I’m also pretty skilled at knowing the make and model of an oncoming car based on the headlights. I have a pretty strong accuracy with this. Useful? Only if you’re worried you’re driving too fast and wonder if the car is a cop. Otherwise, knowing the shape of a PT Cruiser’s lights won’t get me very far in life.
You say a word, I have a song for it. It’s pretty annoying. Sometimes funny. And it’s guaranteed to get that song in your head.
What chain restaurant has the best bread basket?
Cheesecake factory. Fight me on that.
I’ve asked this question to a lot of people over the past few days, and it has sparked quite a response. Politics divide people, but carbs bring them together. There are so many good options and honestly, I’ll never turn down free bread, BUT gun to my head I’m going Cracker Barrel biscuit. Then after I eat my biscuit I’m getting some Christmas decorations and old fashioned candy in the store.
If you could give your teenage self some advice, what would it be?
I guess I should say something deep and meaningful here, but I won’t. Wear sunscreen everyday and don’t ever get within 500 feet of a tanning bed. Stop eating so much garbage. And finally, whatever haircut you are considering, go a different route.
Oy.
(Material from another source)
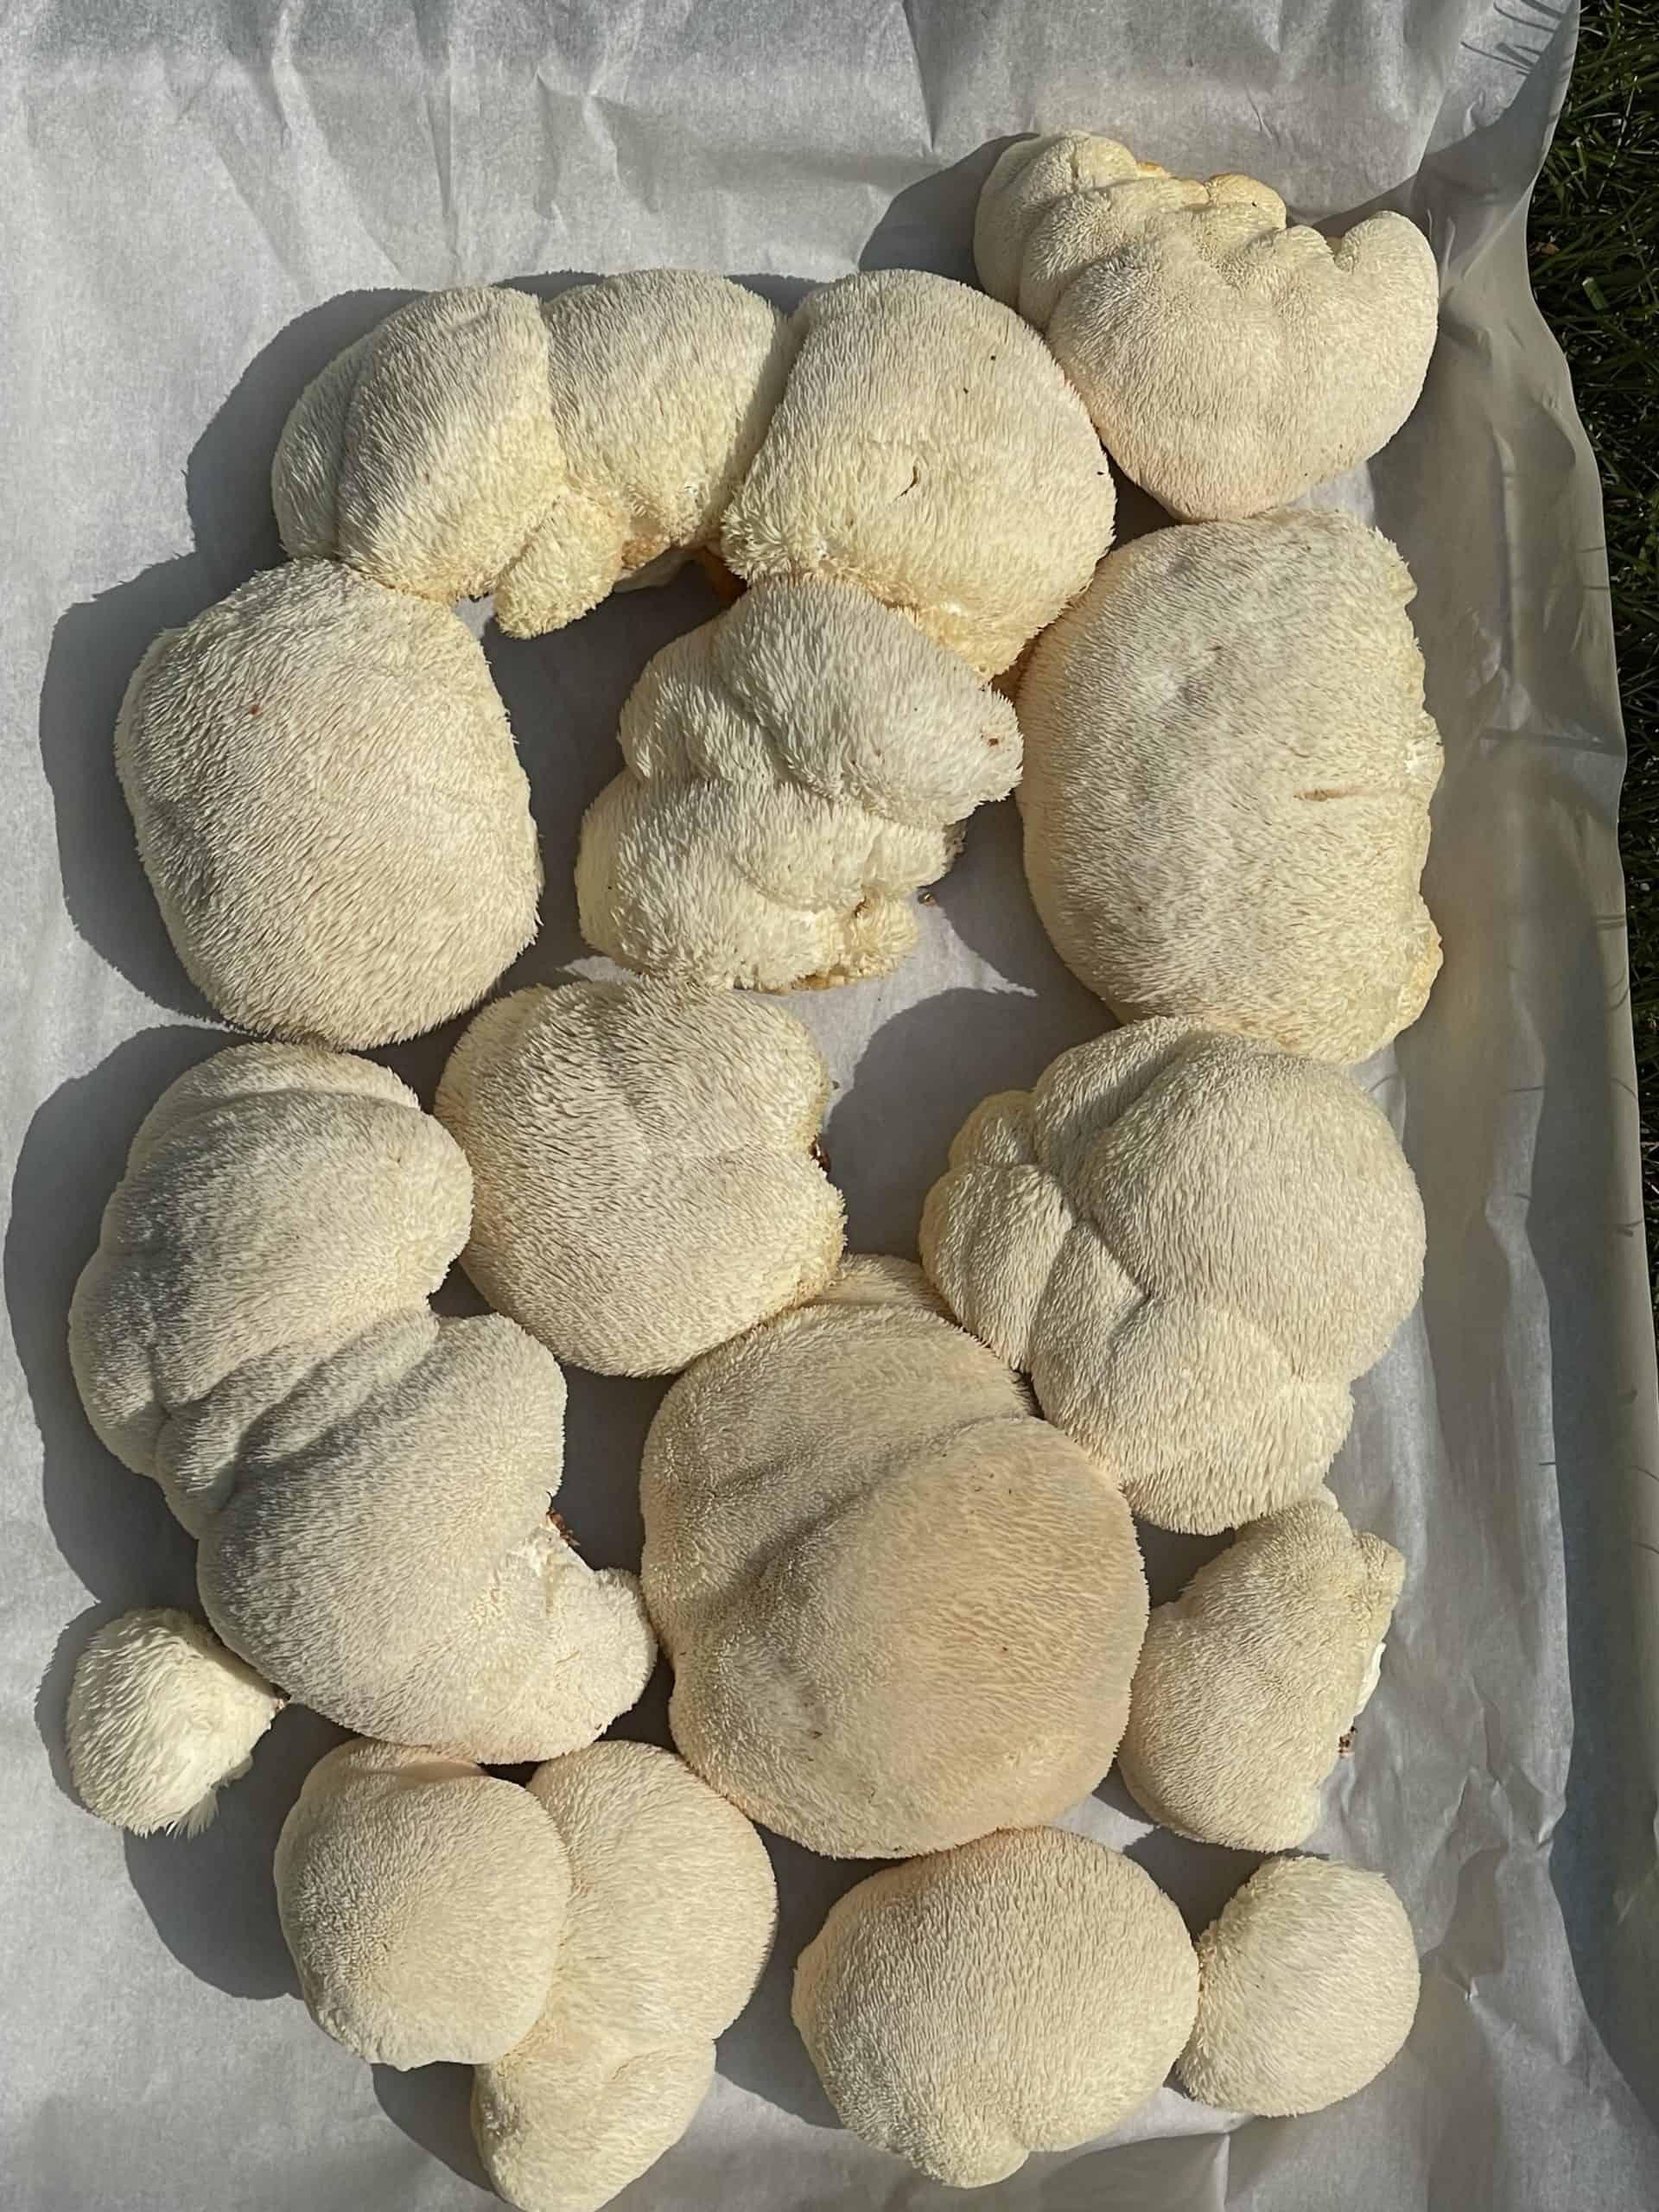 Harvested Lion's Mane Mushrooms

Please refer to the pictures as haircut proof. Christina Wren, shield your eyes.
Wear your retainer. Low rise jeans don’t look good on your mile long torso. Put your tweezers down.
If someone handed you $20,000 and demanded you do something fun and frivolous with that money, what would you do?
A bougie day of meals and scenery. That’s what I’d do. I’d rent a private jet and hop around the good ol’ USA for each meal. Blueberry pancakes whilst overlooking beautiful Maine? Done. Lunch in Jackson Hole overlooking the mountains? Yep. Then I think I could do dinner somewhere and then dessert somewhere completely different just to be able to hit up another place. I’d love to do fish tacos in Hawaii, but I just don’t know if that would be feasible, but since it’s my day of frivolity, maybe I could make that happen. I can’t be sure $20,000 would cover this considering I almost threw up when Mark told me one time how much it costs to fuel a plane, but I’ll save a little money by making him be the pilot to fly me around for my meal endeavors.
I’d love to buy out a Disney park for “my people” for a day. And my park of choice would definitely be Hollywood Studios. Now, I’m not one of those “Disney people” with matching shirts and ears. I cannot. But wouldn’t it be so fun to be the only people running from The Great Movie Ride to the Rockin’ Roller Coaster THEN to get Mickey waffles?
Thanks for reading today! We’d love to hear your answers to a question (or all of them)!
Now who’s going to give us $20,000 with those exact demands?